The machine exploded.

Later. Damona on her back, looking up. Pain. She choked on the smoke. She rolled, stood, coughed, winced at the pain in her hip. Her hair had come undone. It hung over her face. She heard shouting.

A draught. The smoke began to move. Damona grunted. Someone had opened the steel doors at either end of the workshop. Good thinking.

The smoke cleared. She squinted, batted it away. She peered up past the gantry crane and its rails to the ventilator shaft. She swore. The screw turbine had shattered. No more air from above until it was fixed. She shuddered. Metal shards must have sprayed through the whole workshop. She’d been lucky.

She grunted again. Death wasn’t for her. Not yet.

The smoke had gone. She screwed up her nose at the smell of charred insulation. She laced both hands in the middle of her lower back. The old hip injury was flaring, too. She felt every one of her two hundred years. She growled and studied the remains of the machine she’d been working on.

It was a wreck.

She plucked a screwdriver from the bench as she passed. Then: careful stalking towards the wreck. Big steps over casing panels that had been blown aside.

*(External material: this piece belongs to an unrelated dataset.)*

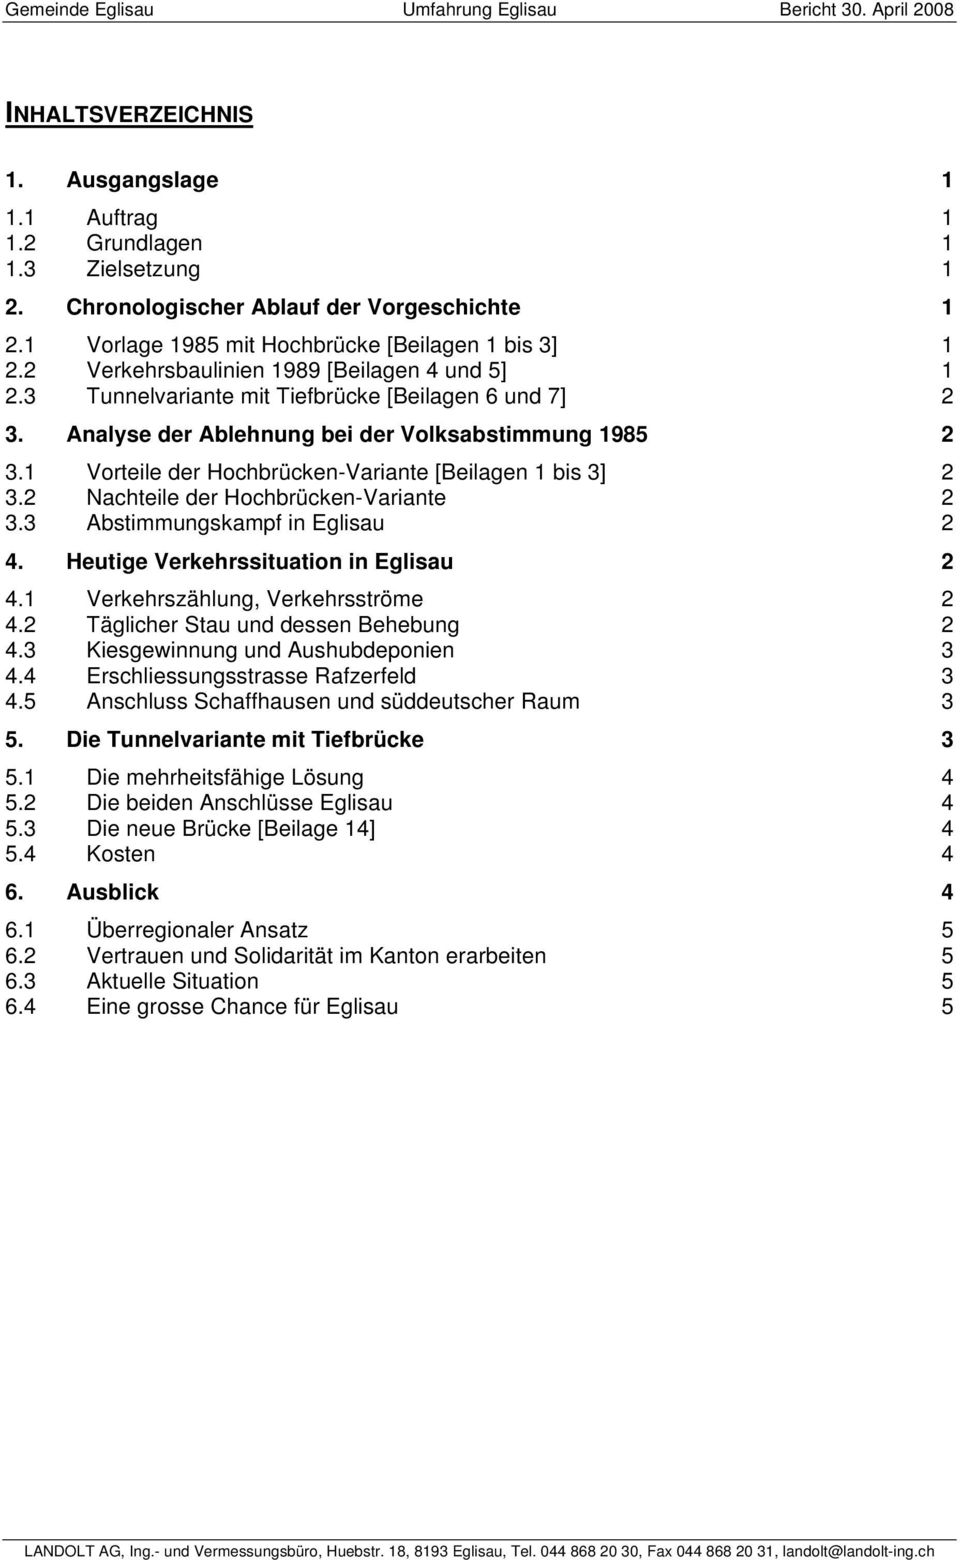 1 Vorteile der Hochbrücken-Variante [Beilagen 1 bis 3] 2 3.2 Nachteile der Hochbrücken-Variante 2 3.3 Abstimmungskampf in Eglisau 2 4. Heutige Verkehrssituation in Eglisau 2 4.

She prodded at the steel and brass machine. What had she been doing just before the explosion? After months of work, what had gone wrong? The principles were right. She knew it. Implementation was at fault.

Was she becoming less dextrous? Age catching up with her?

She stood back, hands flexing, taking stock. The original lines of the extractor were still there. She’d avoided straight lines and corners. The flanks of the wagon-sized machine curved like wave-worn rock. Both sides rolled around to grip the control panel at the end. She shook her head. The control panel that was now a mess of melted glass and metal. The top third of the extractor had been sheared off by the explosion. The contours she’d been so satisfied with were no more.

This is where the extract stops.